Noosphere89 comments on EIS V: Blind Spots In AI Safety Interpretability Research

Noosphere89 17 Feb 2023 14:51 UTC
LW: 4 AF: 3
−3
AF
I strongly downvoted with this post, primarily because contra you, I do actually think reframing/reinventing is valuable, and IMO I think that the case for reframing/reinventing things is strawmanned here.

There is one valuable part of this post, and that interpretability doesn’t have good result-incentives. I agree with this criticism, but given the other points of the post, I would strongly downvote it.
- scasper 17 Feb 2023 16:30 UTC
  LW: 6 AF: 2
  6
  AF Parent
  This seems interesting. I do not know of steelmen for isolation, renaming, reinventing, etc. What is yours?
  - Noosphere89 17 Feb 2023 16:43 UTC
    1 point
    0
    Parent
    In this case, one of the steelmanned case for reframing/reinventing being productive is this post:
    
    https://www.lesswrong.com/posts/ZZNM2JP6YFCYbNKWm/nothing-new-productive-reframing
    
    The big reason reframing/reinventing is productive is we are neither logically omniscient, nor are we Bayesian optimal, that is we don’t update on all the data we receive, which makes reframings or reinventing things like shortcuts.
    
    Also, reinventing things can give you more bits by learning general processes for how to do something, unlike black boxes which only give you the output.

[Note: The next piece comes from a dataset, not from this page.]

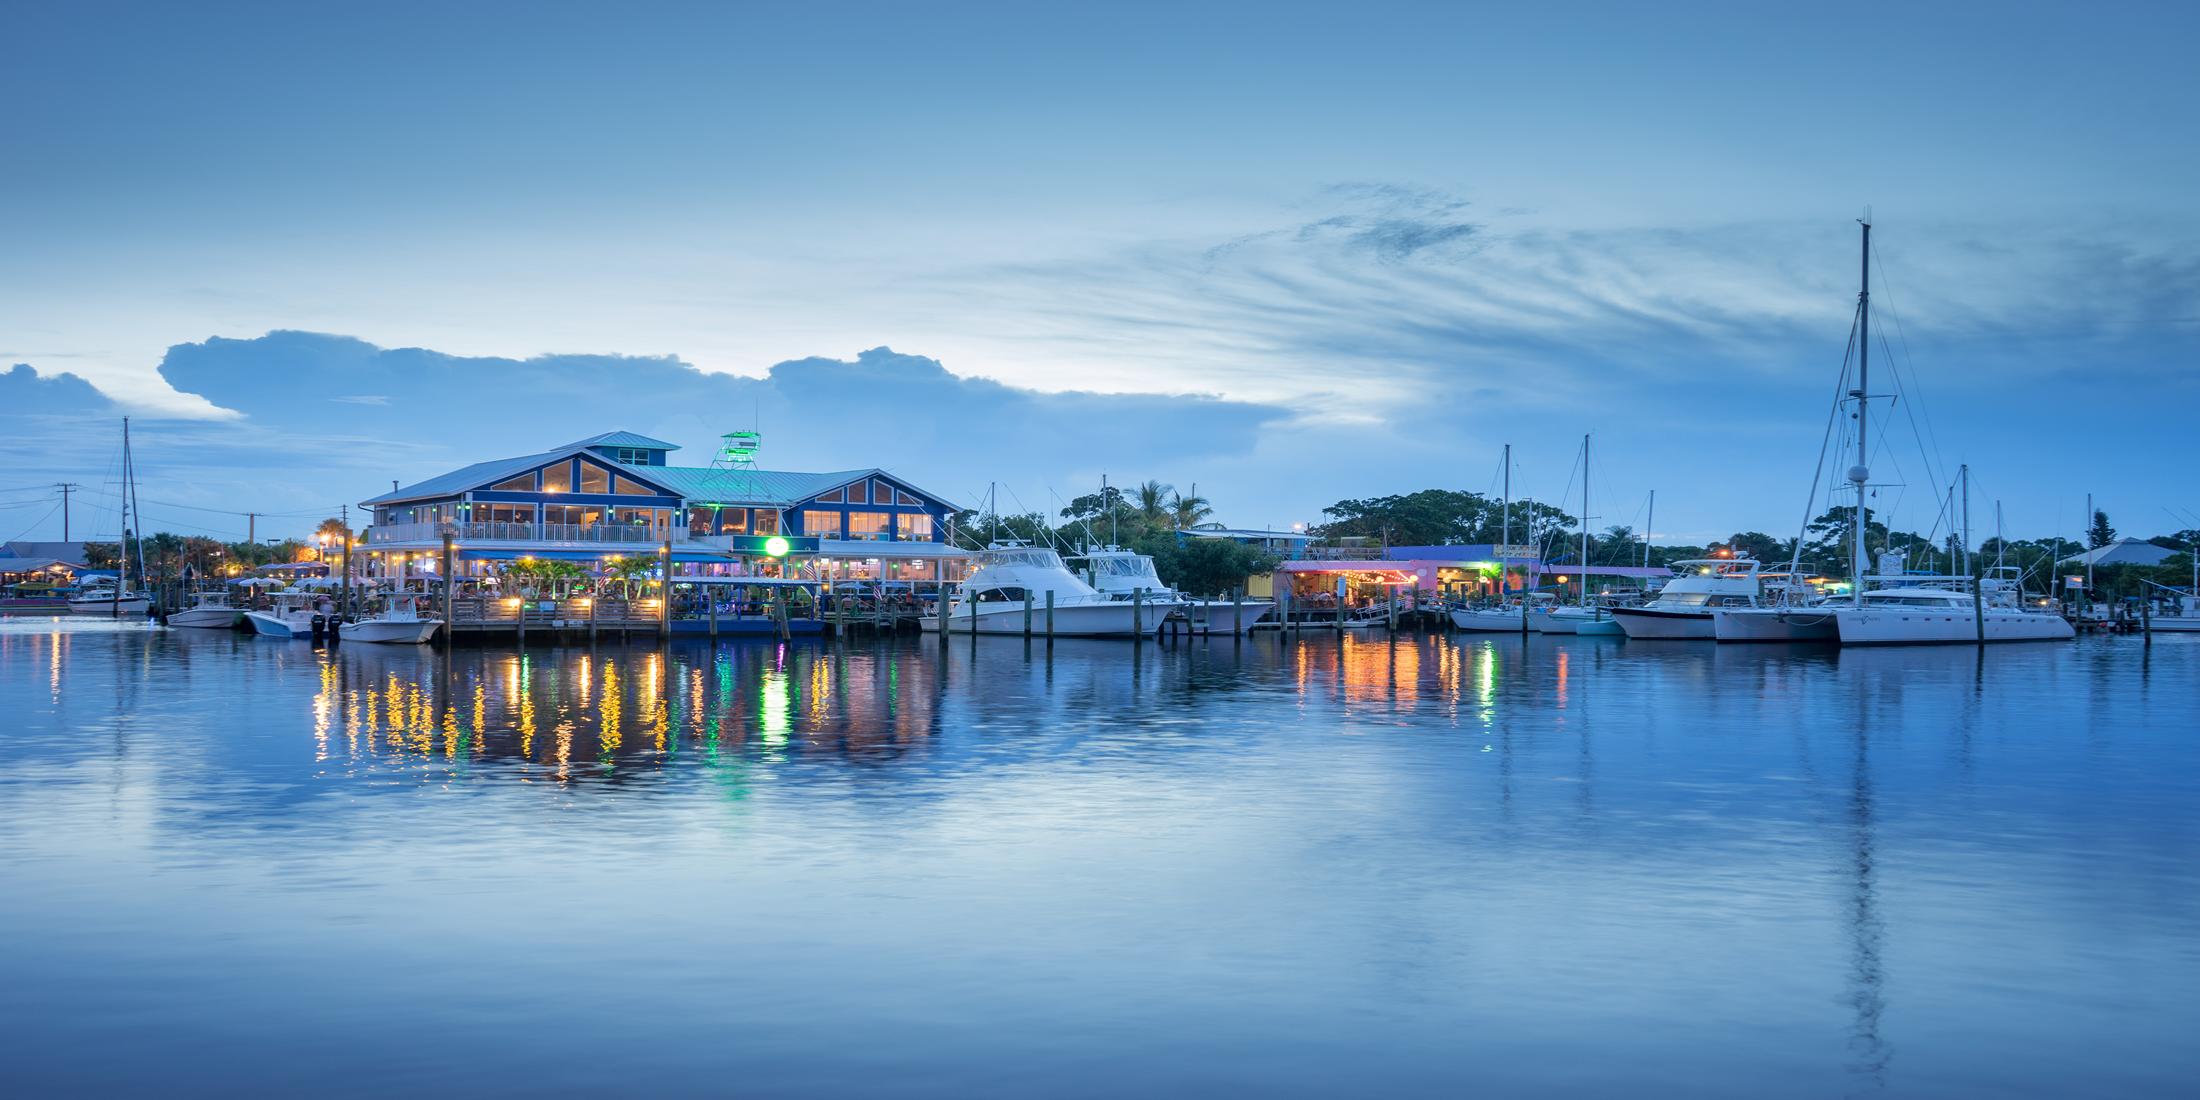 Stuart Waterfront Restaurants

    - scasper 17 Feb 2023 16:53 UTC
      1 point
      0
      Parent
      I see the point of this post. No arguments with the existence of productive reframing. But I do not think this post makes a good case for reframing being robustly good. Obviously, it can be bad too. And for the specific cases discussed in the post, the post you linked doesn’t make me think “Oh, these are reframed ideas, so good—glad we are doing redundant work in isolation.”
      For example with polysemanticity/superposition I think that TAISIC’s work has created generational confusion and insularity that are harmful. And I think TAISIC’s failure to understand that MI means doing program synthesis/induction/language-translation has led to a lot of unproductive work on toy problems using methods that are unlikely to scale.